B.C. Place workers considering strike action

Thursday vote won’t affect stadium’s reopening on Friday

By Bob MacKin, Vancouver Courier September 28, 2011

When B.C. Place Stadium reopens Friday, its unionized workers could be counting the hours until they walk off the job.

Members of the B.C. Government and Service Employees’ Union Local 1703 will vote Thursday on whether to give negotiators the power to declare a strike. BCGEU spokeswoman Karen Tankard said the union wants a new collective bargaining agreement, not a strike.

“It’s not our intention to issue the 72-hour strike notice anyway, it is something we will have in our [bargaining] arsenal,” Tankard said.

Tankard said B.C. Lions and Vancouver Whitecaps’ fans can rest assured the teams’ first matches in the stadium won’t be affected.
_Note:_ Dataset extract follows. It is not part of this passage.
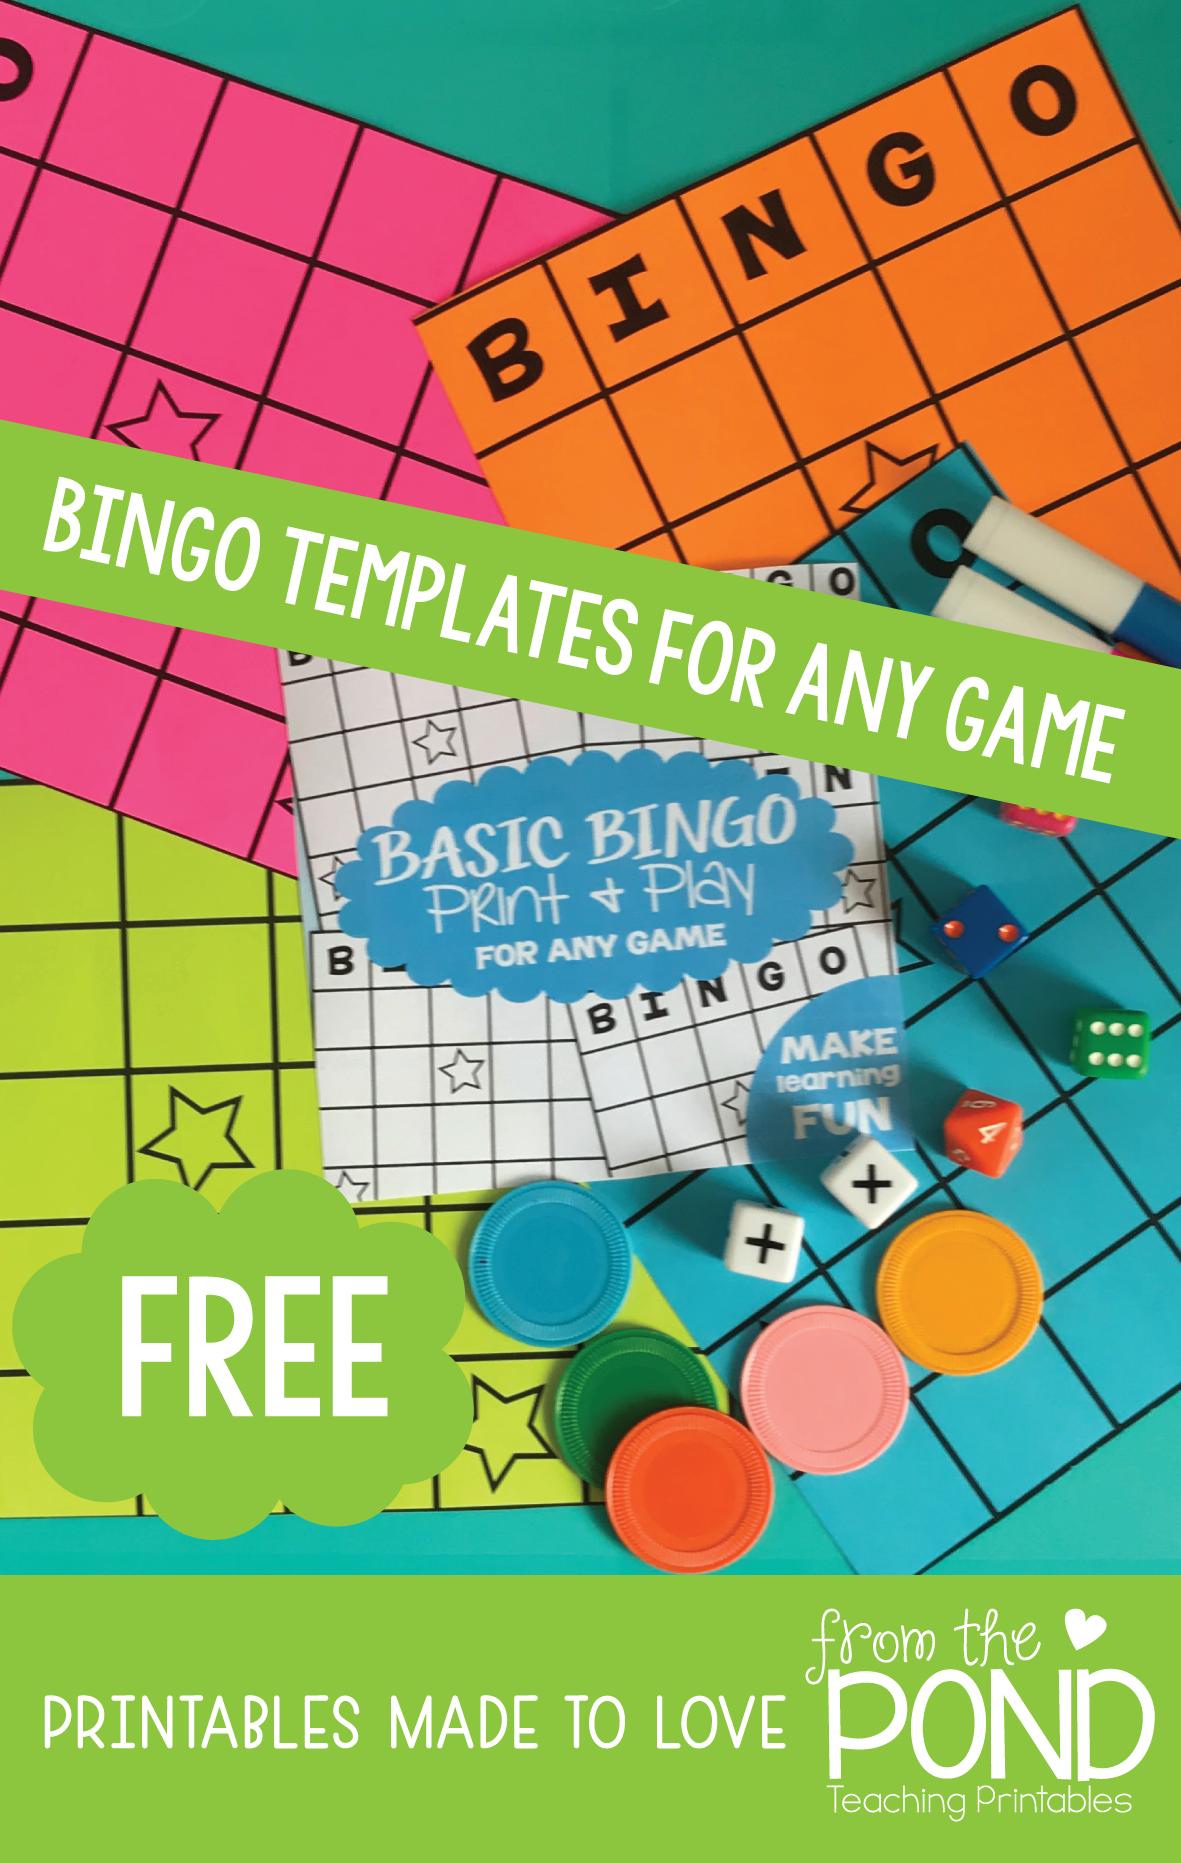 Free Printable Bingo Board Templates For Classroom Games

The Lions return to host the Edmonton Eskimos Friday at 7: 30 p.m., while the Whitecaps play their first Major League soccer game downtown against the Portland Timbers Sunday at 1: 30 p.m.
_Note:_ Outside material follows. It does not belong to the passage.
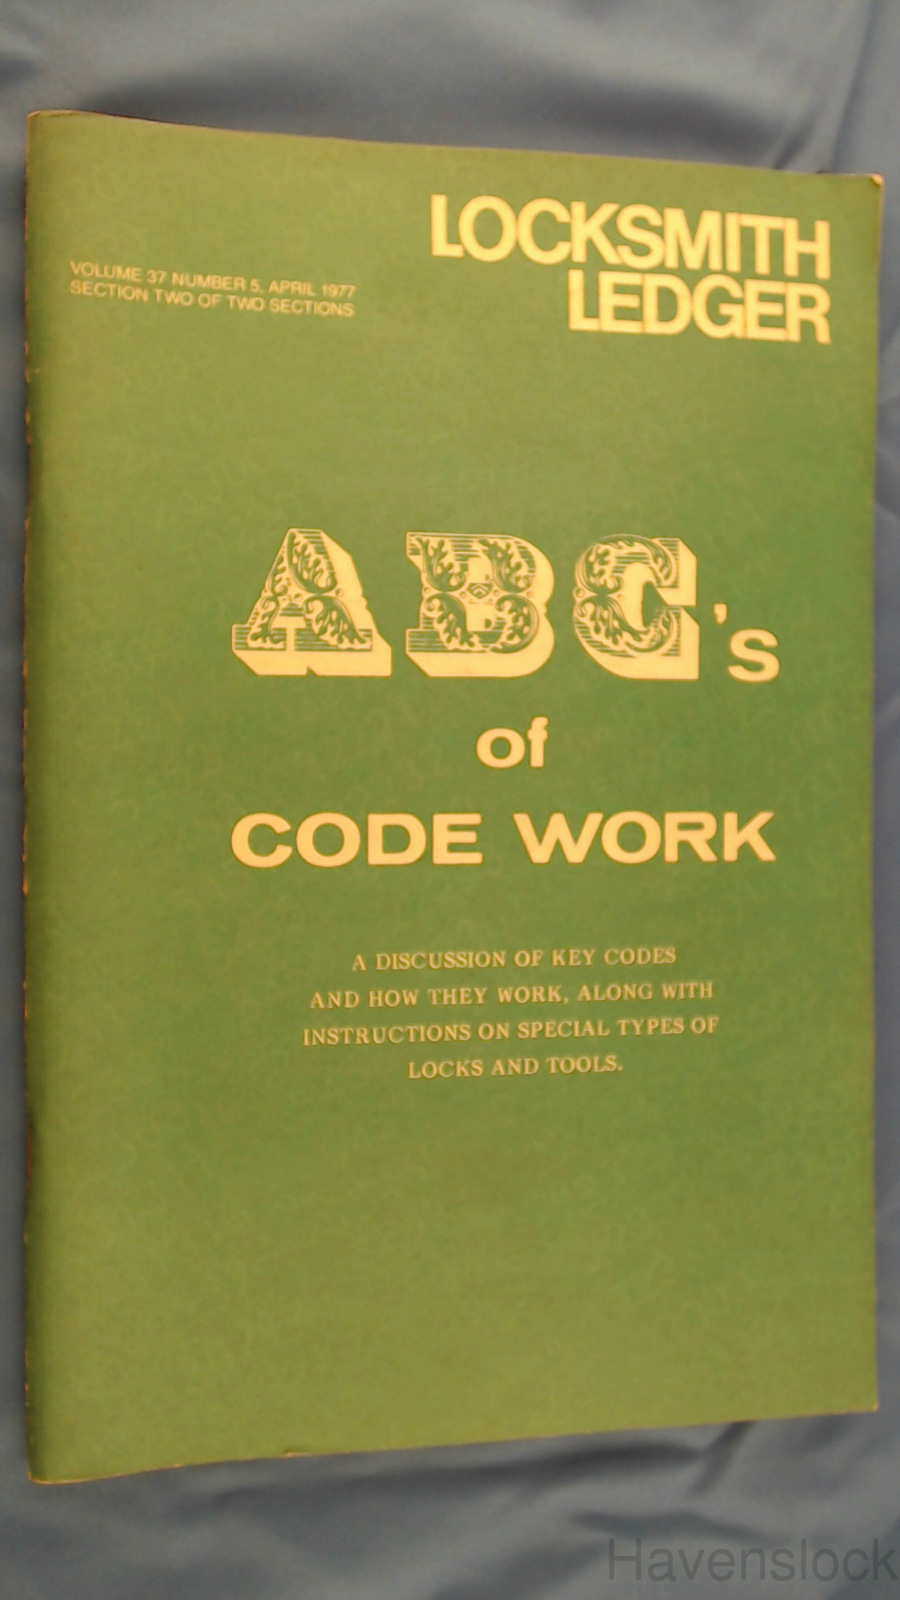 Locksmith Ledger, Vol. 37, No. 5: ABC's of Code Wo

Thursday’s 10 a.m. to 8 p.m. voting at the Hyatt Regency was announced after Local 1703 members met Sept. 23. Tankard said Monday, “we have no response” from employer B.C. Pavilion Corporation since the announcement.

“This is all about job security,” she said. “B.C. Place management wants to downgrade some of the jobs to part-time and management has contracted some of our security work to Genesis Security.”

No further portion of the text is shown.